At the beginning of the 1970s new artists emerged. Singer-songwriters such as Hector and Juice Leskinen started writing songs in Finnish, combining shades of irony, poetry and introspection with rock sound. Later in the seventies the new wave and punk brought more artists such as Pelle Miljoona, Eppu Normaali and Hassisen kone. Finnish rock had by now become independent. Names such as Dave Lindholm, Tuomari Nurmio and Ismo Alanko continued with their own styles. Tampere became at the turn of the 1970s and 80s the most vibrant town in rock culture, spawning "Manserock" as rock music by the town's artists was called.

Hurriganes, fronted by Remu Aaltonen, was one of the best-known groups in Finland. This 1970s group played hard-hitting, boogie-based simple rock, and their song "Get on" is almost anthemic in Finland. Ex-Hurriganes guitarist Albert Järvinen would later collaborate with the likes of Lemmy Kilmister of Motörhead fame, issuing the Countdown 12" single, with Lemmy featuring on lead vocals on the title track, under the name of Albert Järvinen Band. Other seminal groups were Dingo, a pop-rock group idolized by teenagers, and Yö, whose "Joutsenlaulu" remains to the day one of the most played songs in radio and karaoke. Kingston Wall was a cult band of the early 90s, combining psychedelic influences with hard rock, played by power trio and fronted by Petri Walli. J. Karjalainen has also remained popular since the early 1980s. Well-known Finnish band CMX also formed in 1985, transforming from a hardcore punk sound through progressive, metal, and hard rock sounds.

Success abroad

The earliest Finnish rock bands to gain any notoriety were progressive rock bands like Tasavallan Presidentti and Wigwam.  Though for a time they seemed poised to break through in Europe, international fame eluded them. 1980s bands were similarly unable to find an international following, such as Gringos Locos and Havana Black; one exception to this was Hanoi Rocks, a popular glam rock band. They are still the most respected Finnish group abroad. For example, in Japan there's still almost fanatic Hanoi Rocks fans. Though the band collapsed on the verge of final international breakthrough, they were the source of inspiration for glam rock bands of the 1980s including Guns N' Roses.

Some modern bands who have achieved some mainstream rock success abroad include Leningrad Cowboys, known for performing with the Red Army Choir, surf band Laika & the Cosmonauts and prog-related rock band Von Hertzen Brothers.

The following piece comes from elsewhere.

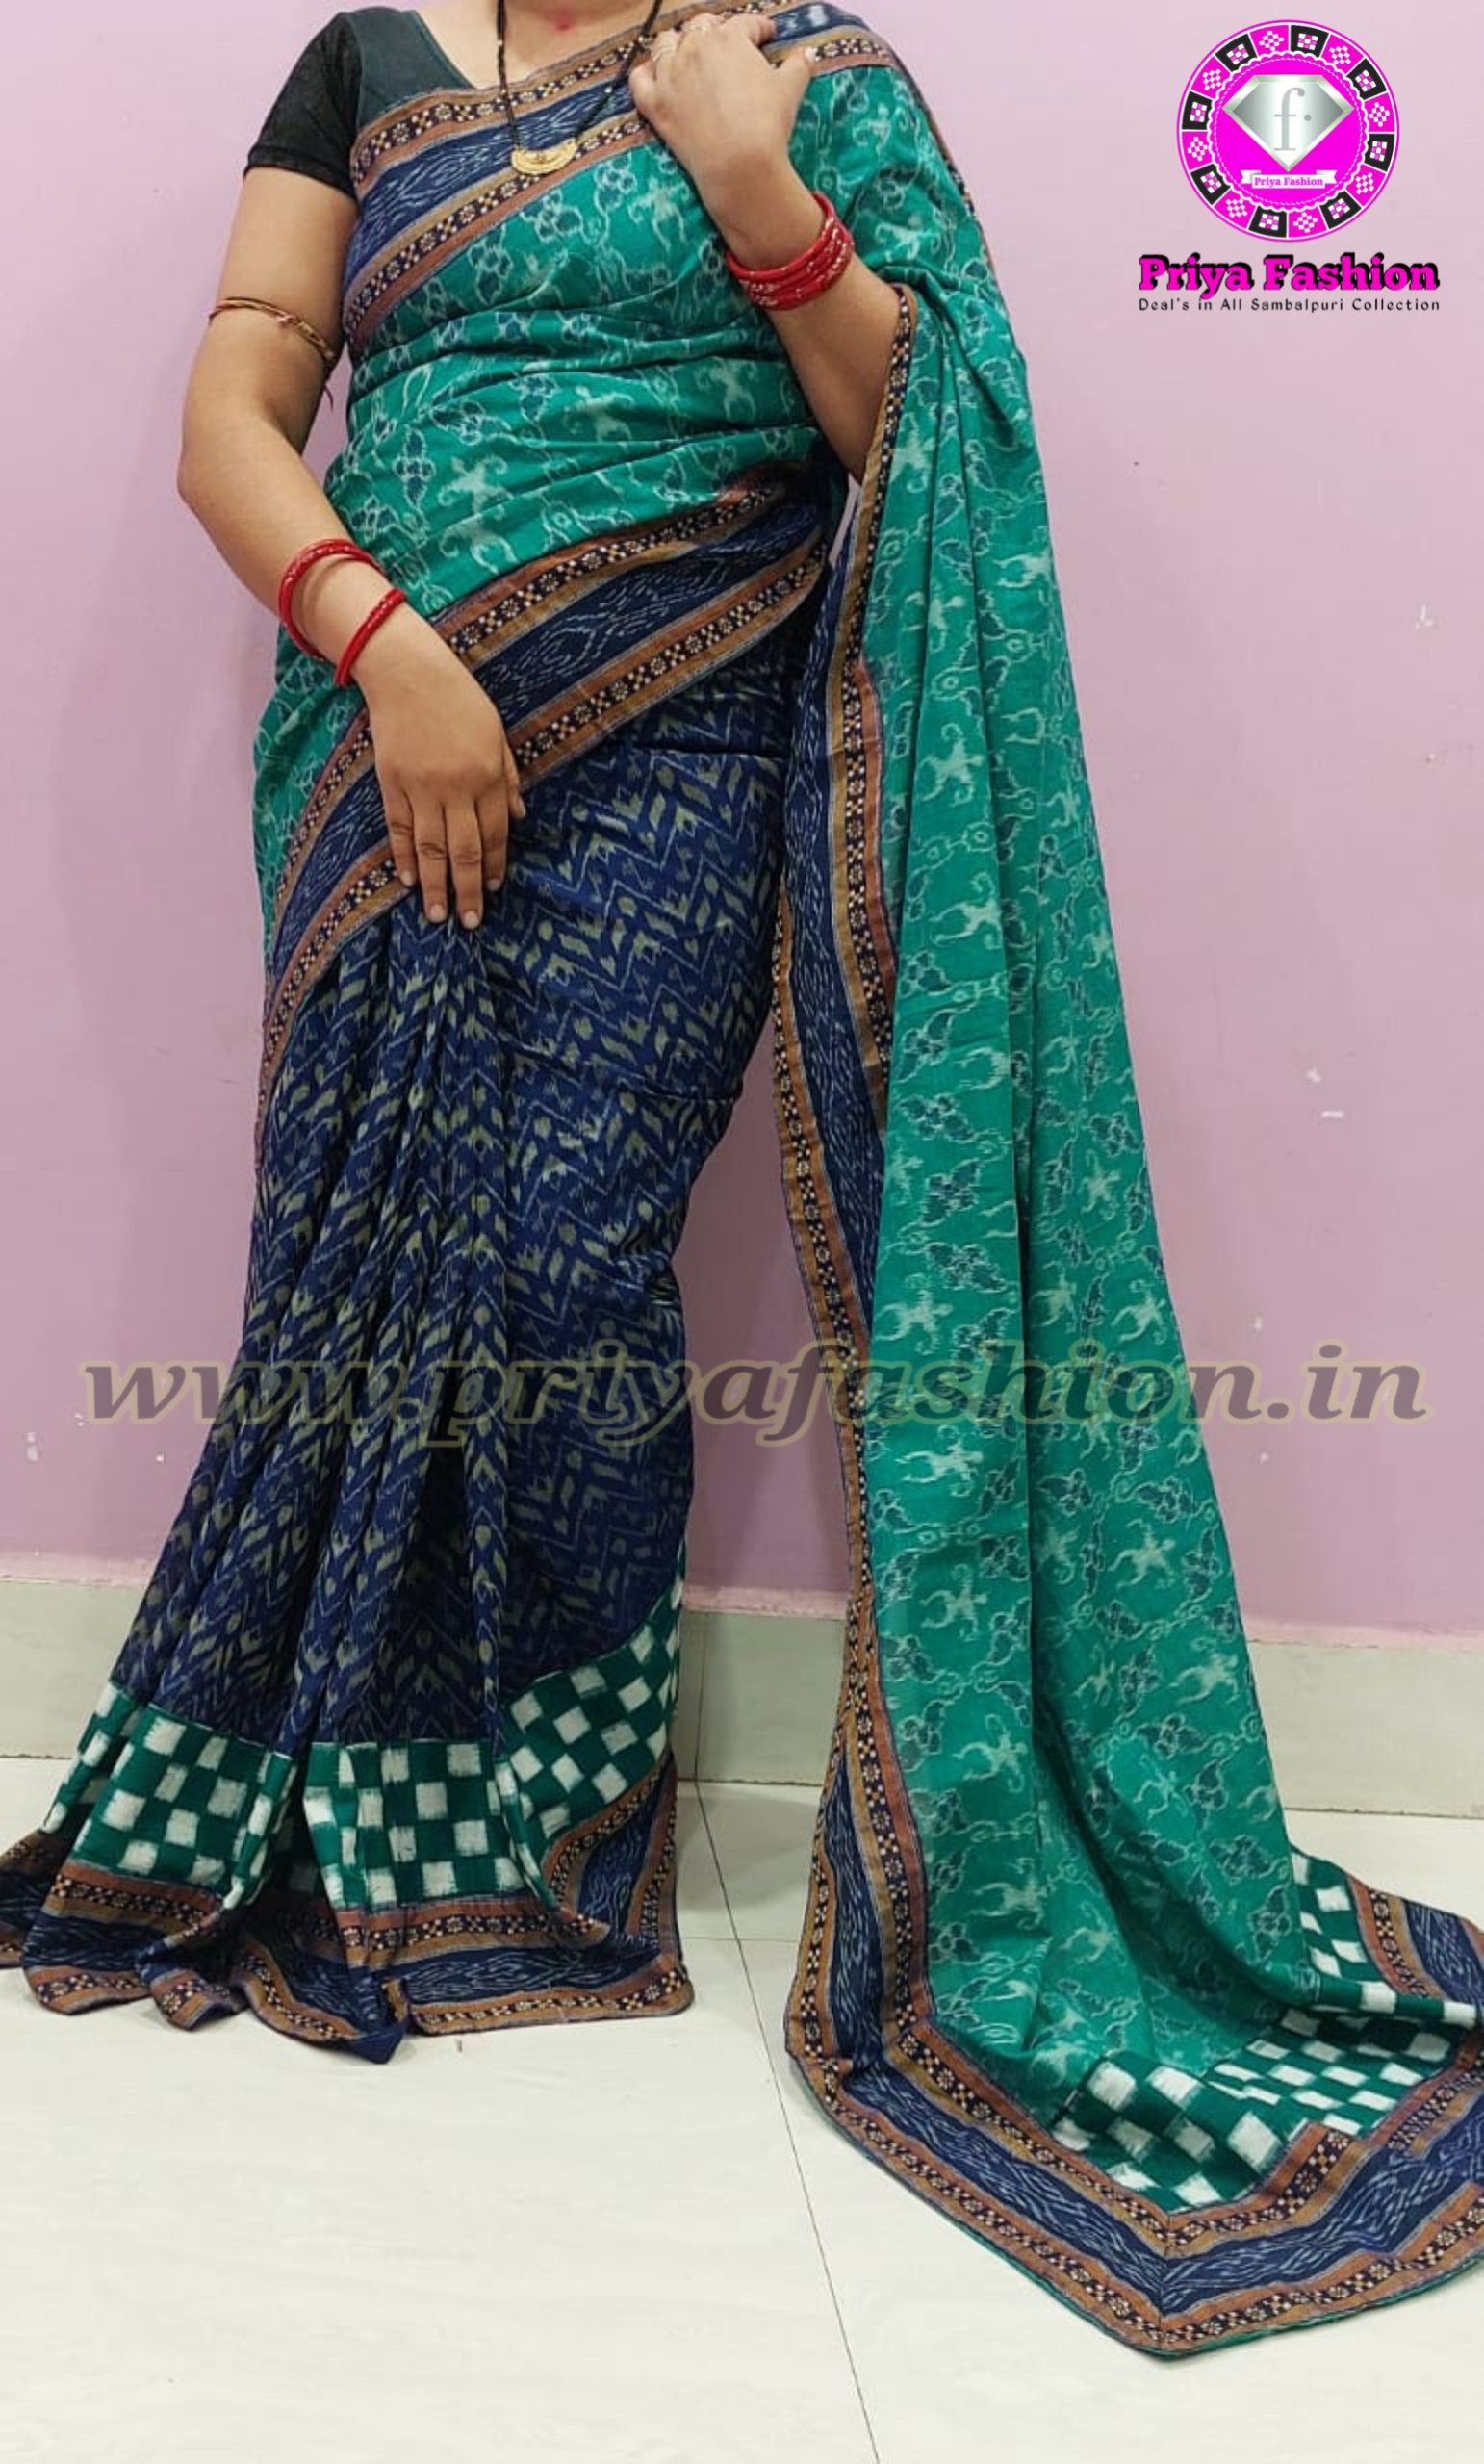 Sambalpuri Suta (Cotton) Sarees with Pasapalli motif | Cotton saree, Saree,  Mercerized cotton

22-Pistepirkko has had a cult status in Europe, notably in the Netherlands and Germany. The trio's indie-rock incorporates blues and melancholy melodies, with a touch of Tom Waits.

Heavy metal

Like much of Scandinavia (or, more accurately Fennoscandia), Finland's main contribution to modern popular music may be heavy metal and related fields. Early 80s Finnish hard rock and heavy metal bands of note include Riff Raff, Oz, and Zero Nine while Stratovarius and thrashers Stone would first emerge in the late 80s.  Since then the Finnish scene has given rise to bands like Children of Bodom, Amorphis, Nightwish, Apocalyptica, Impaled Nazarene, Beherit, Archgoat, Waltari, Entwine, The 69 Eyes, Sinergy, Sentenced, Sonata Arctica, Am I Blood, Ensiferum, Turisas, Moonsorrow, Korpiklaani, Finntroll, Wintersun, Battlelore, Machine Men, Mannhai, To/Die/For, Turisas, Battle Beast, Beast in Black and Teräsbetoni.

A popular Finnish band abroad is HIM whose music has been labeled "love metal". HIM and The Rasmus topped album charts in several European countries with their most popular albums. HIM got also a gold record in the USA in 2006. The international success of HIM and The Rasmus during the current decade is wider than any Finnish group has gotten before.

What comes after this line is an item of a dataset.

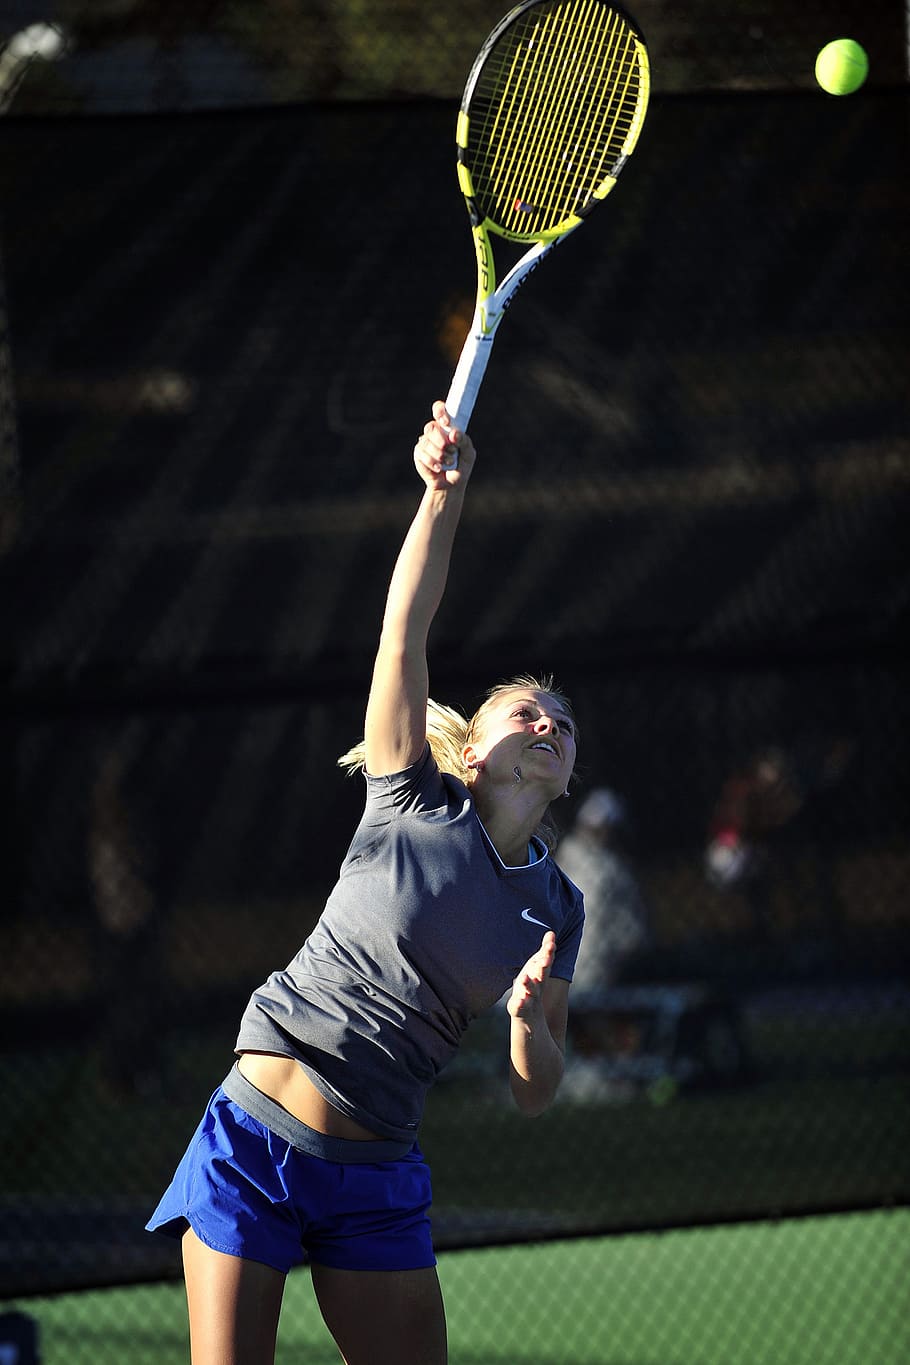 woman, going, hit, tennis ball, mid-air, tennis player, racket, sport, serve, court

Finland were also the winners of the 2006 Eurovision Song Contest, with the first heavy metal band to enter the competition, Lordi. Lordi won with their Hard Rock Hallelujah composition, sporting elaborate costumes. Since then, they have found success across Europe and limited publicity outside of the continent. Lordi have also competed in Kuorosota, the Finnish version of Clash of the Choirs.

Throughout the Finland and Scandinavian countries there has been an uprising of 80s era "glam metal" bands heavily influenced by bands like Mötley Crüe and Guns N' Roses with a modern twist like Reckless Love, Santa Cruz, Crashdïet and Hardcore Superstar.

Extreme metal
Finland, like its Scandinavian neighbors, also has a vibrant extreme metal scene, which while propagating a more underground and slightly less accessible sound is still notably not only internationally successful but also on a few occasions giving the more mainstream heavy metal bands competition in the nation's awards ceremonies. The most famous Finnish bands in extreme metal are most probably Amorphis, Children of Bodom, Beherit, Archgoat, Impaled Nazarene, and the grindcore band Rotten Sound, which recently signed to the renowned American label Relapse Records.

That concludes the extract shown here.